Different spatial structures of agricultural landscapes have different consequences for biodiversity conservation, potential ecological restoration and provision of ES. Our results showed the advantages for habitat conservation (13 vs. 39 protected habitats) in the more diverse and complex landscape structure. In economic terms, despite the general subsidies paid by the European Union, the different spatial structures analyzed (basically monoculture vs. crops mixed with natural vegetation) are impracticable due to the fact that profitability for farmers is far from the minimum level considered to be viable in this region.

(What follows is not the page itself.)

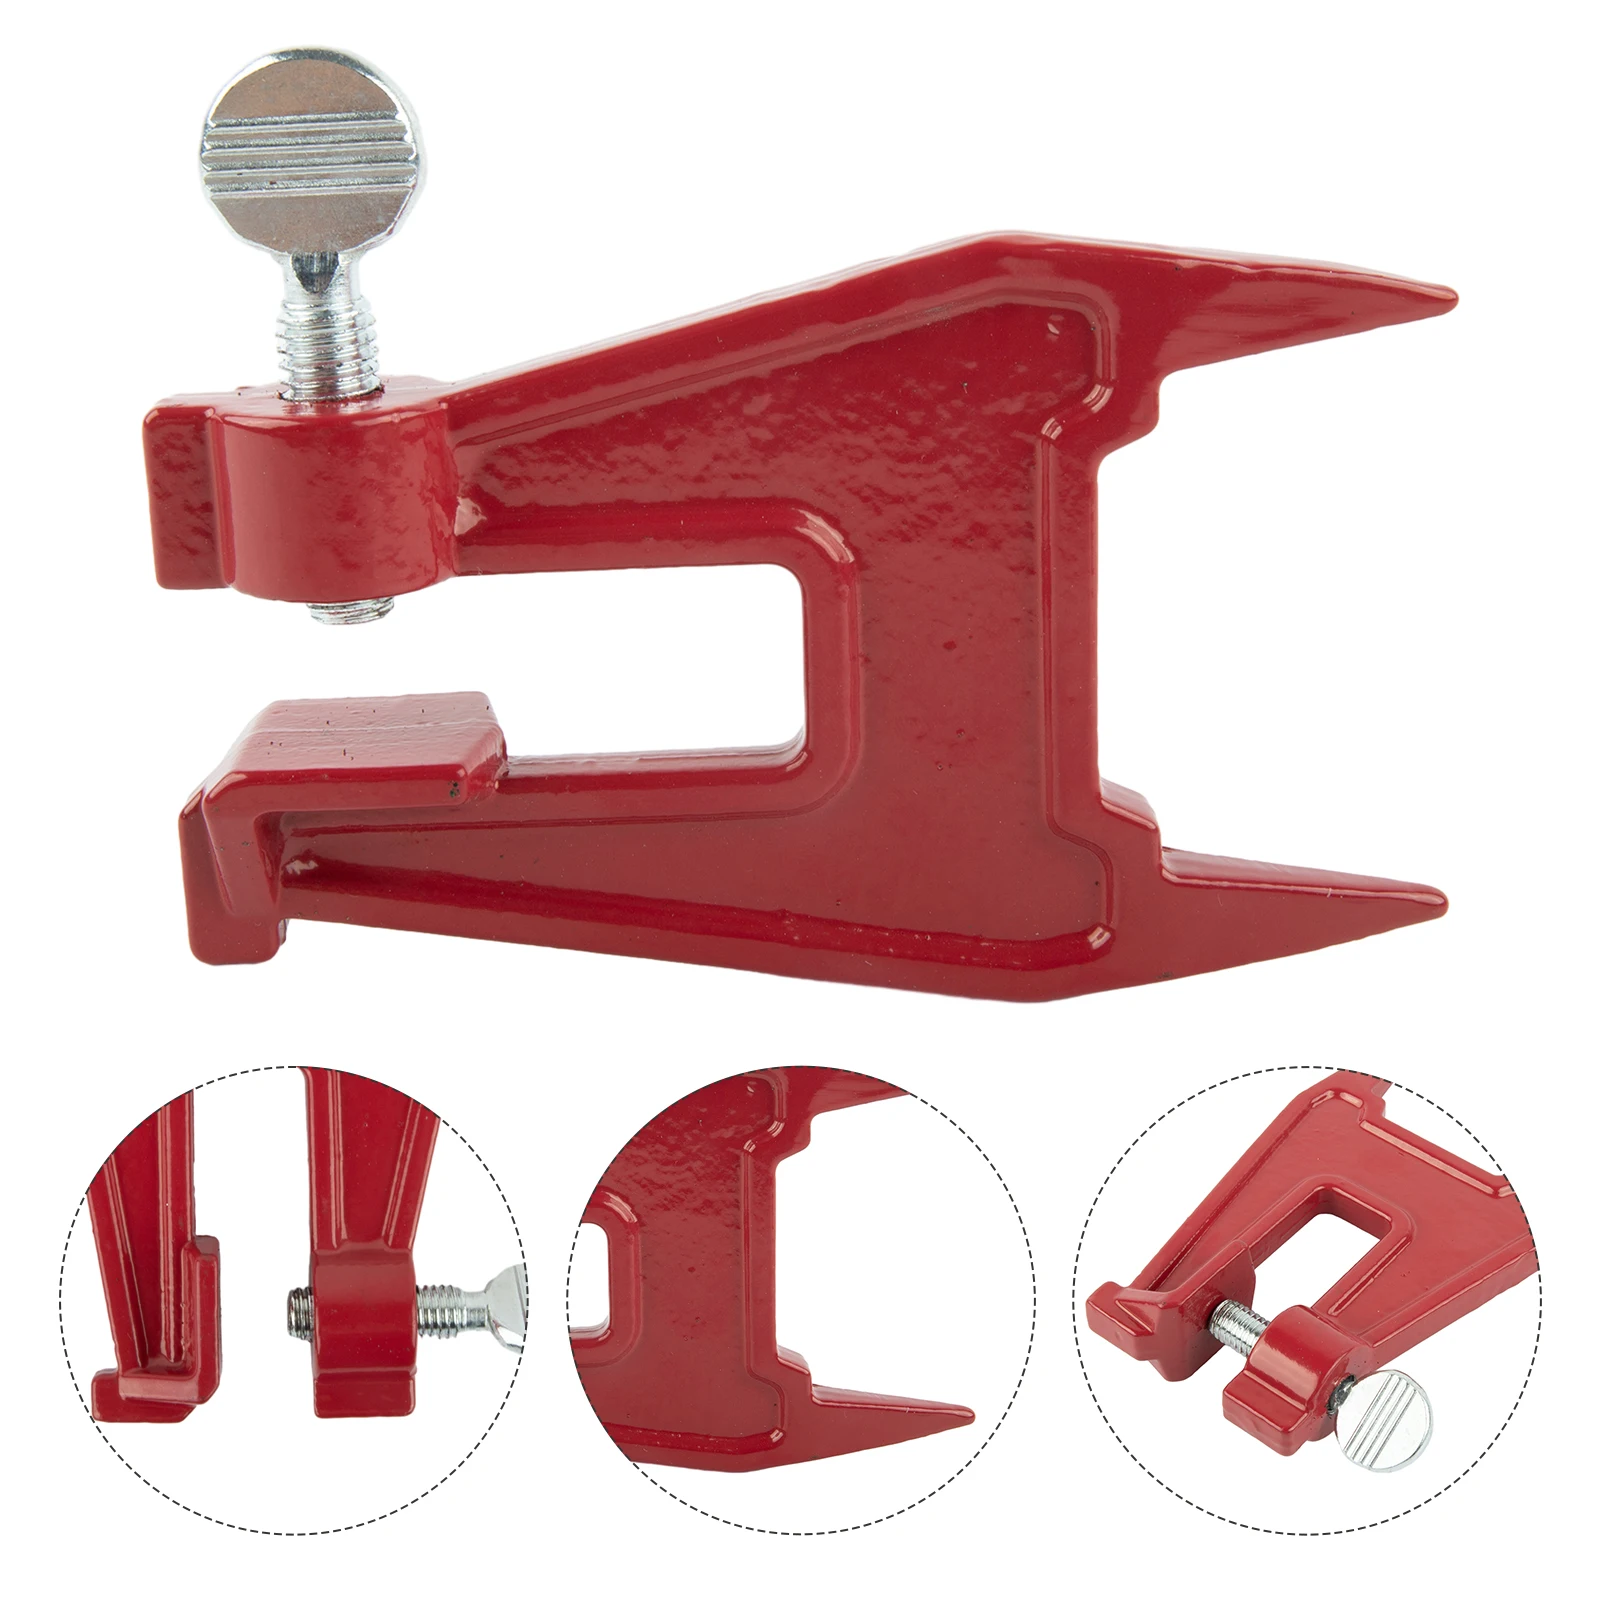 

Saws Sword Holder Saw Blade Sharpener 1pcs Manganese Steel Robust Stable For Fixing The Chainsaw Sword Durable
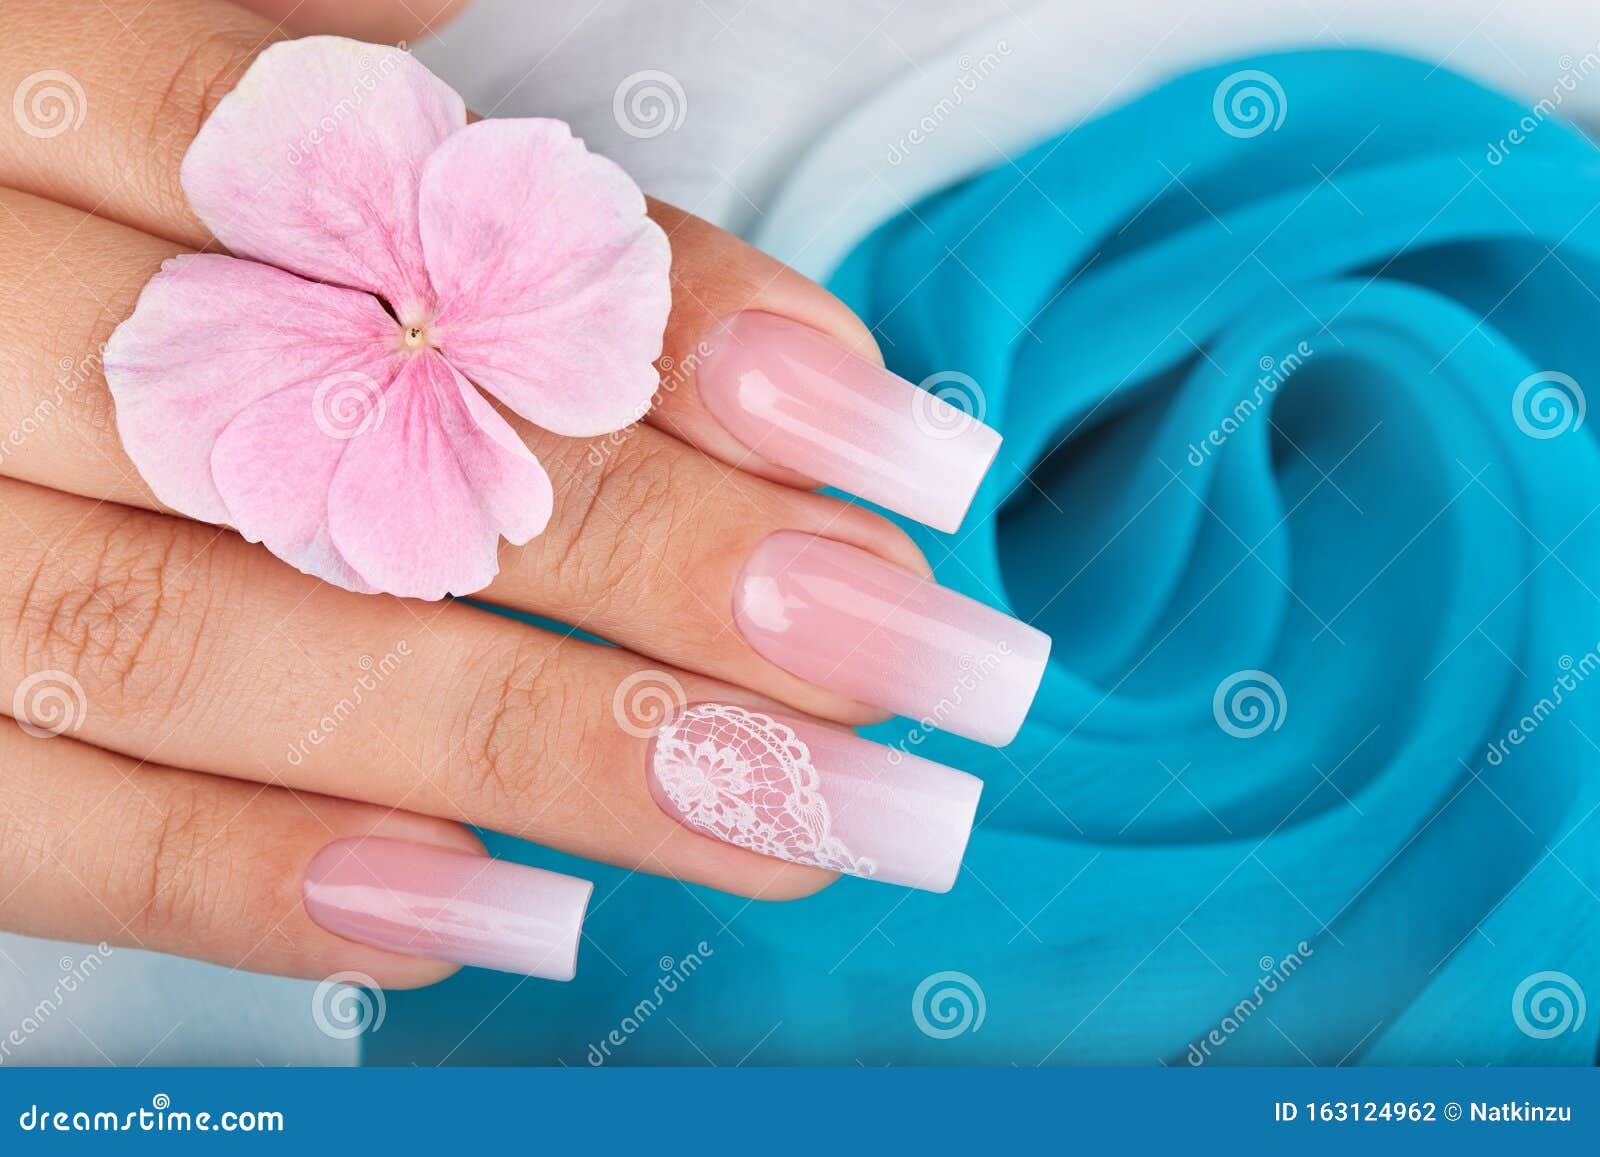 hand with long artificial manicured nails with ombre gradient

We propose an economic incentive-based mechanism, to be managed by the administration (public policies) to promote levels of landscape diversity and complexity that are more suitable for biodiversity conservation. These economic incentives would complement the profits of farmers and can constitute, pending further validation, a sustainable solution for conciliating conservation, production and profitability in agricultural areas. In this context, conservation of biodiversity in agricultural landscapes ceases to represent a factor limiting the profitability of farmers, but rather serves to increase profits. In Andalusia, this system of incentives could be applied immediately under the auspices of the recent Olive-Grove Master Plan (ORGAB 2015), which specifically mentions economic support for farmers implementing environmentally friendly farming practices and applying improved spatial management; the aforementioned practices are intended to promote biodiversity, provide ES and to maintain landscape quality (assuming a heterogeneous structure).